I'm sorry, I'm a PC player, never ever owned a console, and I prefer it the way they made it. I am positive there are many other customers that feel the same. I also preferred to play The Witcher 2 on an xbox360 gamepad, too. But that game had even worse bugs than this one and it took ages to fully resolve them, but everyone praises CDPR to the heavens - and for good reason, because people have distance and are able to look at the finished product as a totality.
I can understand everyone's frustrations, and it isn't good enough because the developers clearly have missed some very important technical issues. Given the scale of the game I can understand how that happens but the fact is you don't expect to go to the cinema and have the movie out of focus or having to be respliced all the time. From the consumer perspective the technical bugs are unacceptable. The rest of the complaints (Why did you do/change this?) aren't as absolutely valid as the upset parties feel, I think.
PC was their development platform (it's everyone's development platform) - but maybe playing the way DA:O did wasn't their development target. I cannot see how that is a problem considering DA:O played like an absolute dog, like a stupid MMO with one of the worst UIs ever. But even if you thought it was great it doesn't mean they broke any consumer rule by deciding to change it or do it differently. That is a valid choice for the developer. Just how I personally also think the tactical (orthographic) perspective should be able to be zoomed out almost as far as one wants and find it hard to understand why they wouldn't do that, in no way does that constitute a "breaking" of some promise to consumers at all. It sucks and I hope they fix it is not the same territory as I can't play the game or the game's performance is impaired because of bugs.
So let's just have some perspective, maybe.

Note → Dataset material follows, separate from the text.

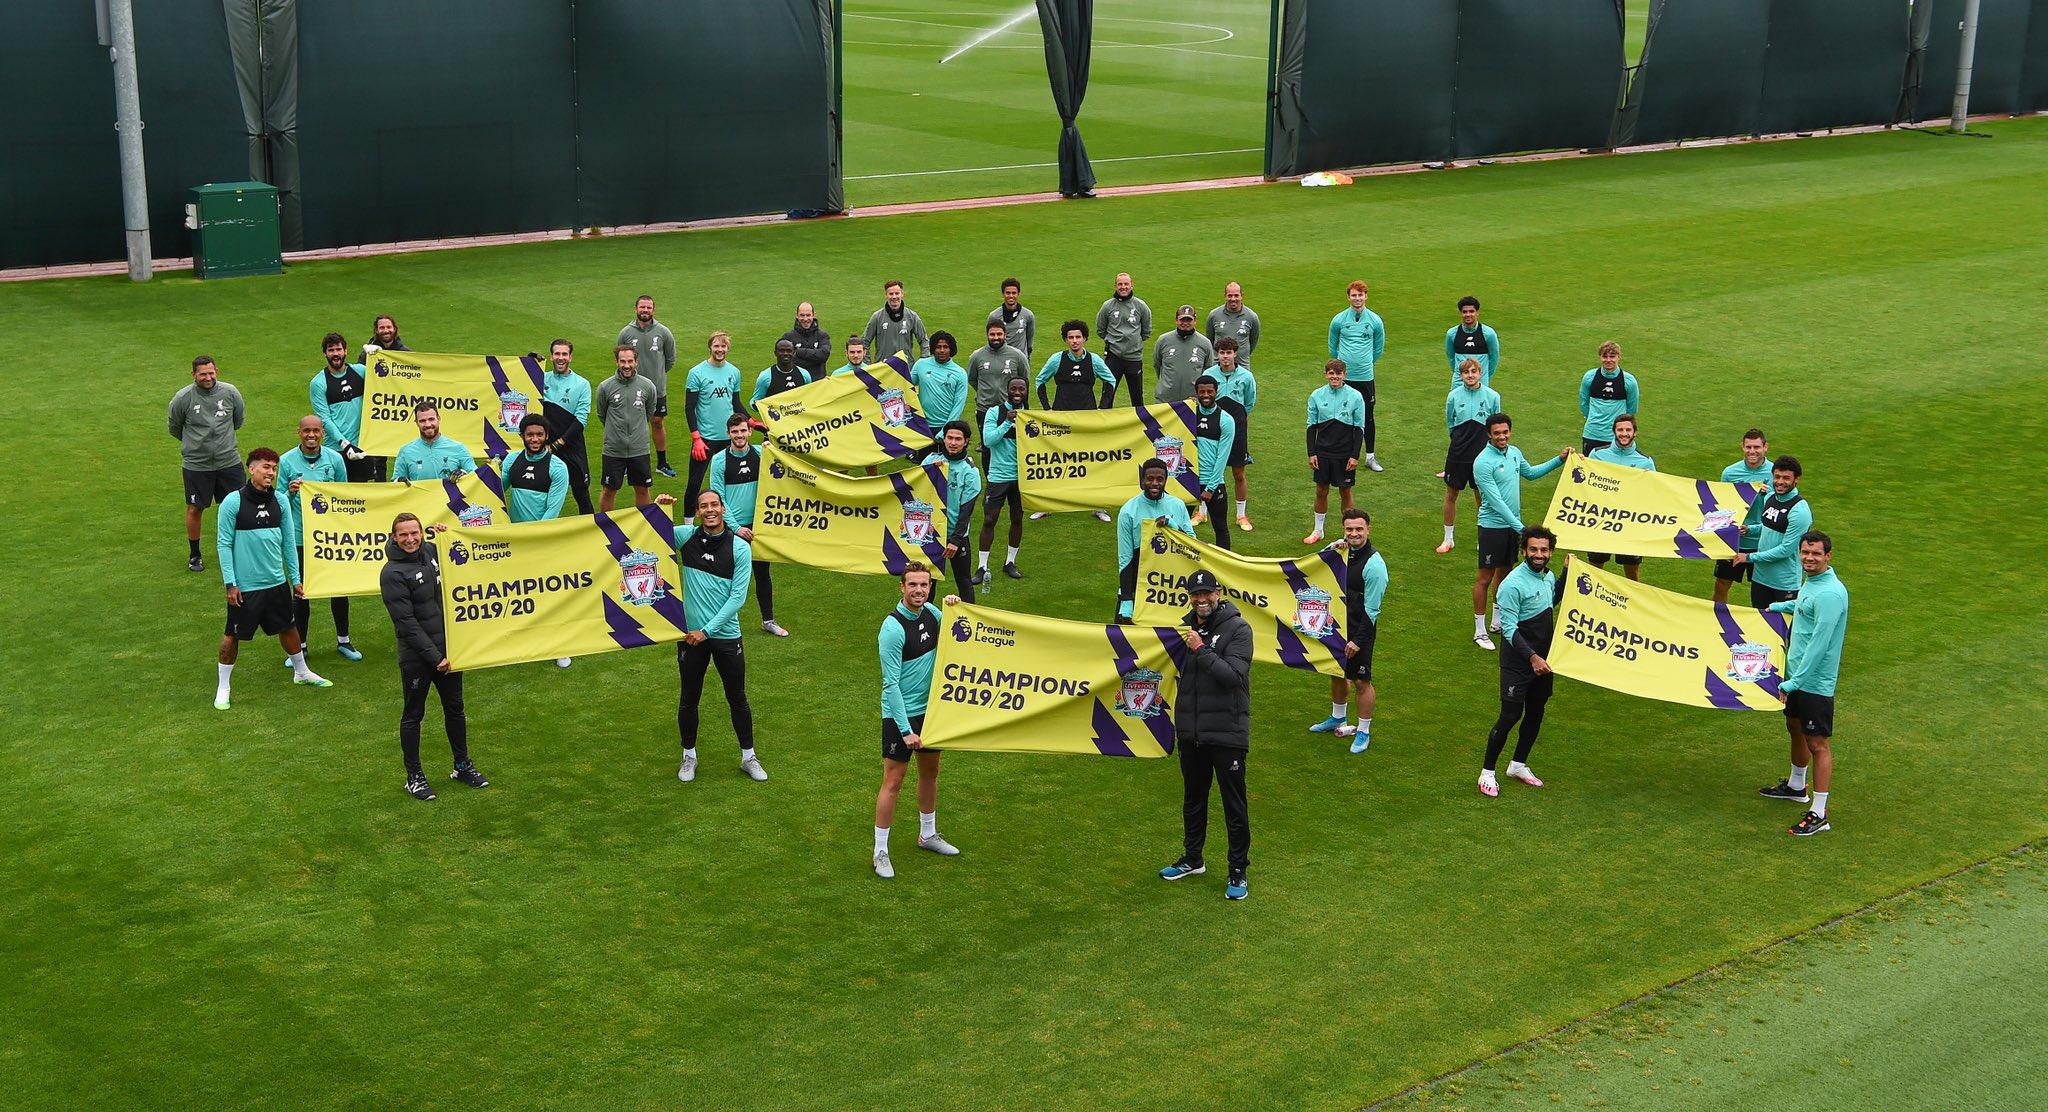 نجوم ليفربول يحتفلون بلقب الدوري الانجليزي فى التدريبات

With a bit of distance you realise that the intensity of a fan's frustration is roughly proportionate to the amount of anticipation the fan has for a video game. As somebody whose heart still has a bit of a fracture from the wasted opportunity that was Mass Effect 3 (it should have been delayed and released at least 2 years later and had the scale that was promised, the scale and quality that I see on display in DA:I), I think I can very safely say that that level of emotional response and investment is only appropriate for the actual game itself, not for the hype of it. It's just not good for anyone to be pre-invested in a consumer product no matter what it is. It's just a silly, unhelpful, and unworthy thing for any human being to do. It's just a waste of energy and produces extreme reactions to a fake thing that only has the meaning you give it. To give it any meaning separate to the actual experience of playing the game is a wrong thing to do, no matter how induced you might be by a games publisher. I say this as a former addict to this kind of thing myself.